Exercise prompt: Could you retype exactly the line containing "How to draw" and every line after it in the data below, leaving out the pictures?

Given material:
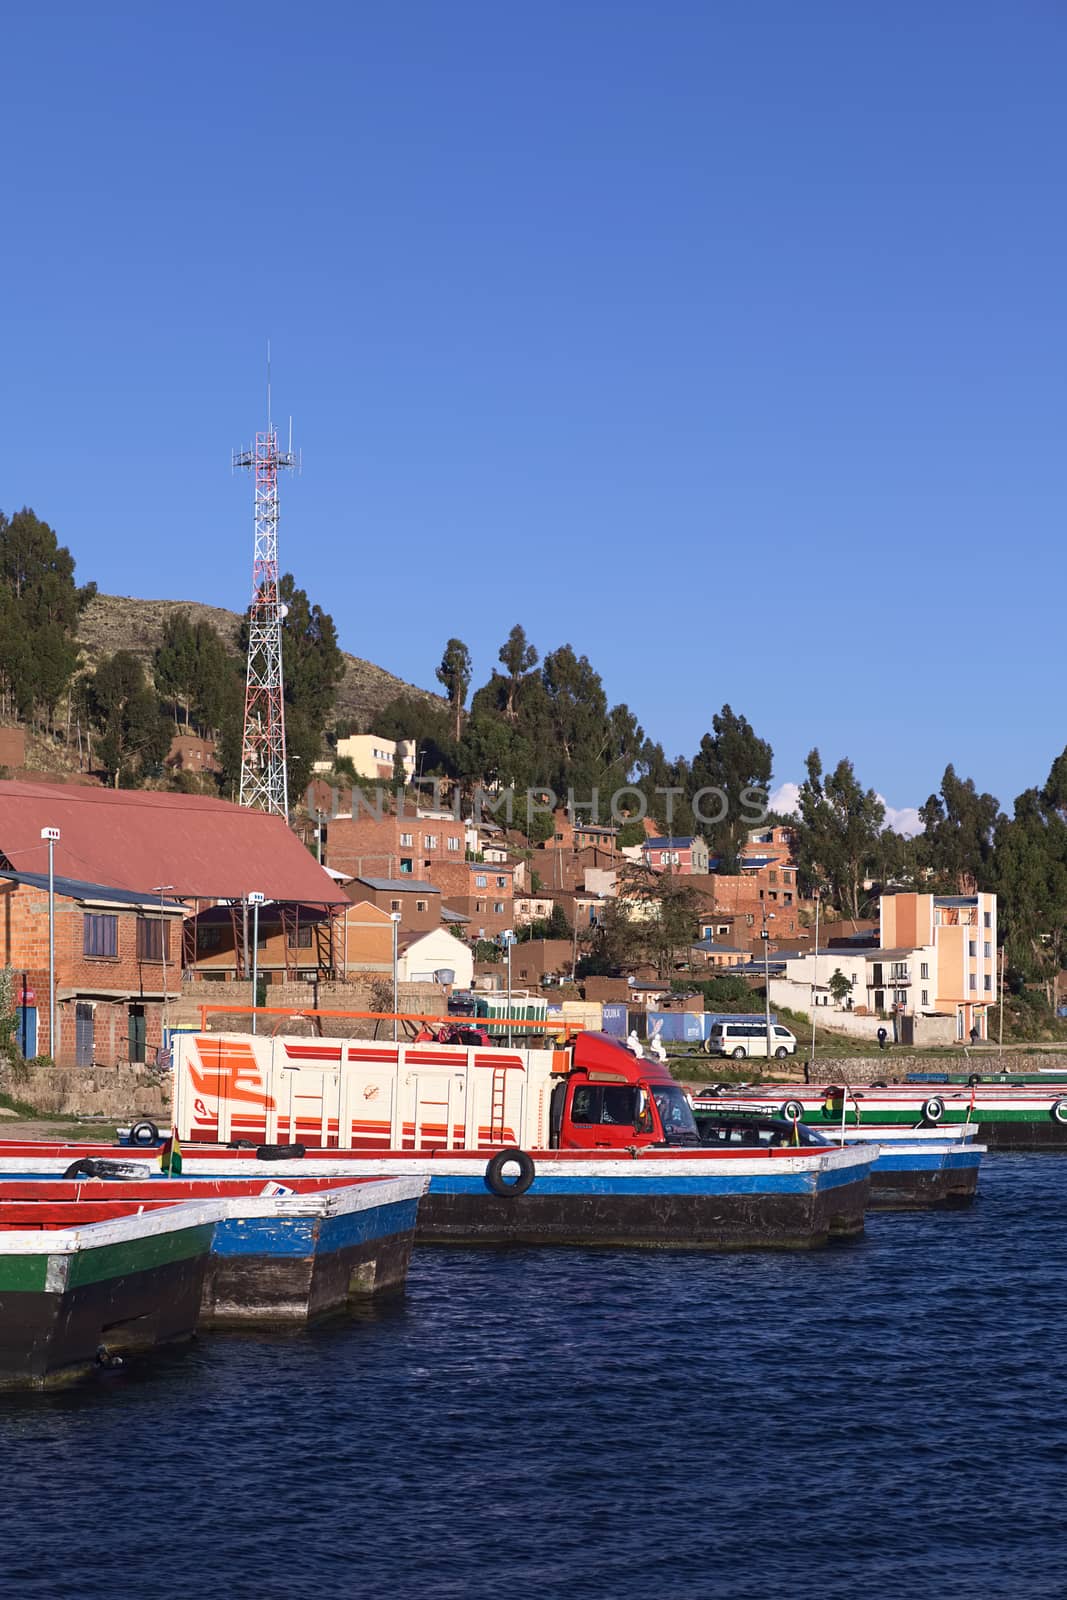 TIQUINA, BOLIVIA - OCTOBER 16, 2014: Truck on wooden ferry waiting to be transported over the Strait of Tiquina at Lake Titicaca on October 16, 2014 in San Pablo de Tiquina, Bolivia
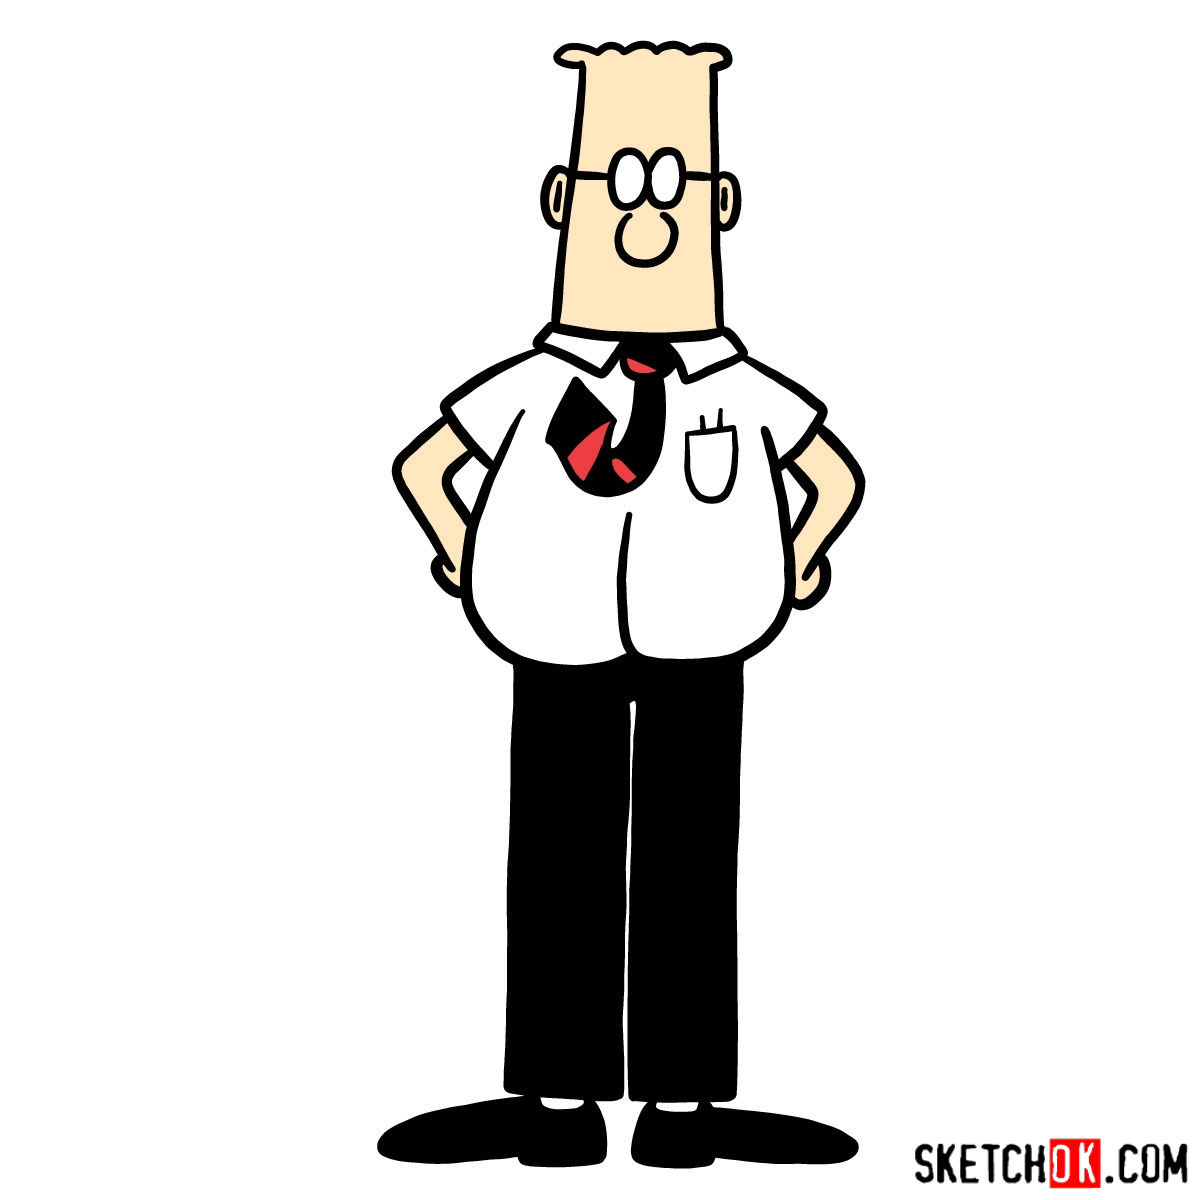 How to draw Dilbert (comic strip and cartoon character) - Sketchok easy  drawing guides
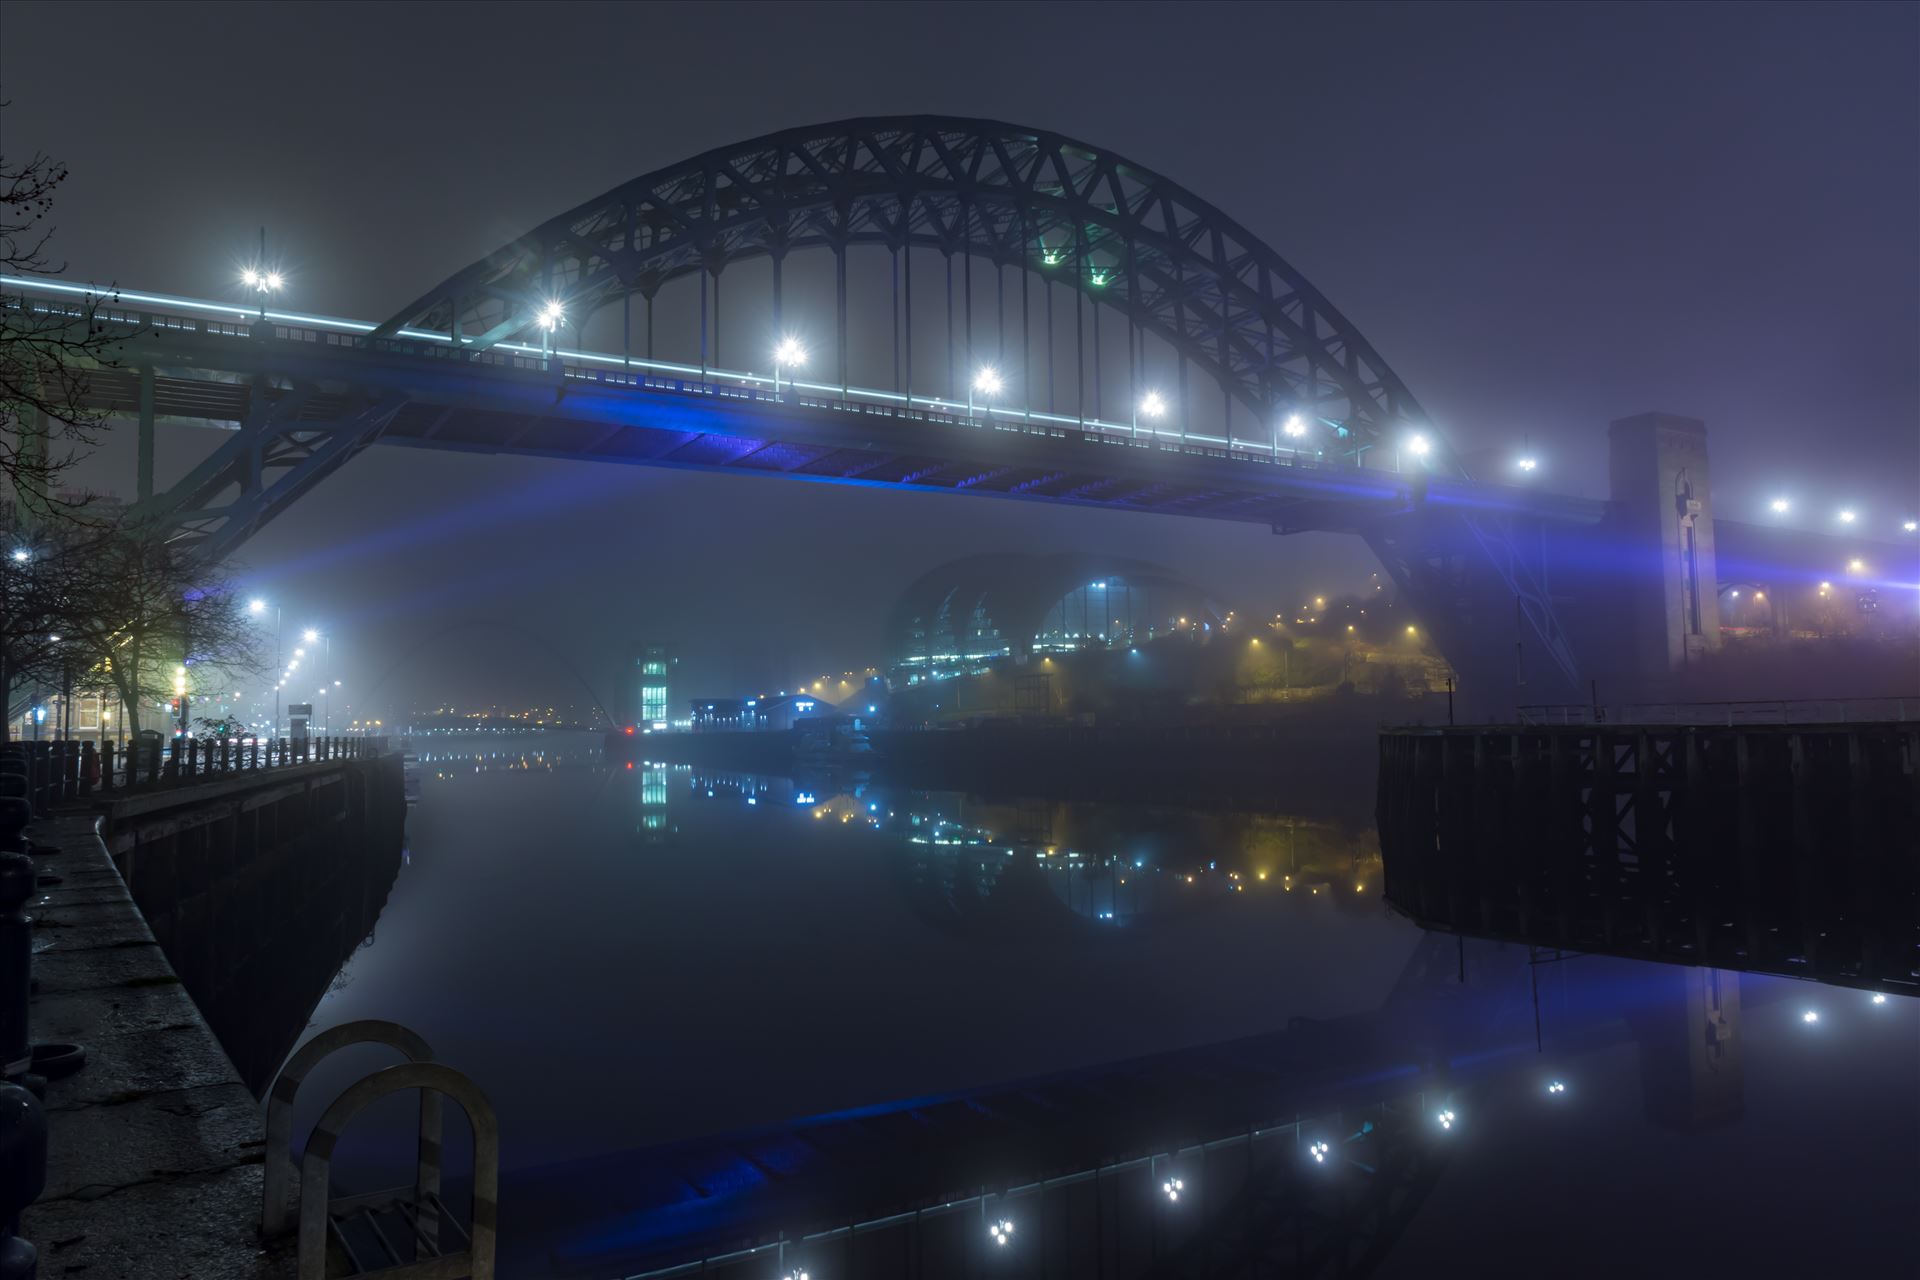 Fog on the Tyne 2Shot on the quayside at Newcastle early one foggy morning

Finished exercise:
 How to draw Dilbert (comic strip and cartoon character) - Sketchok easy  drawing guides
 Fog on the Tyne 2Shot on the quayside at Newcastle early one foggy morning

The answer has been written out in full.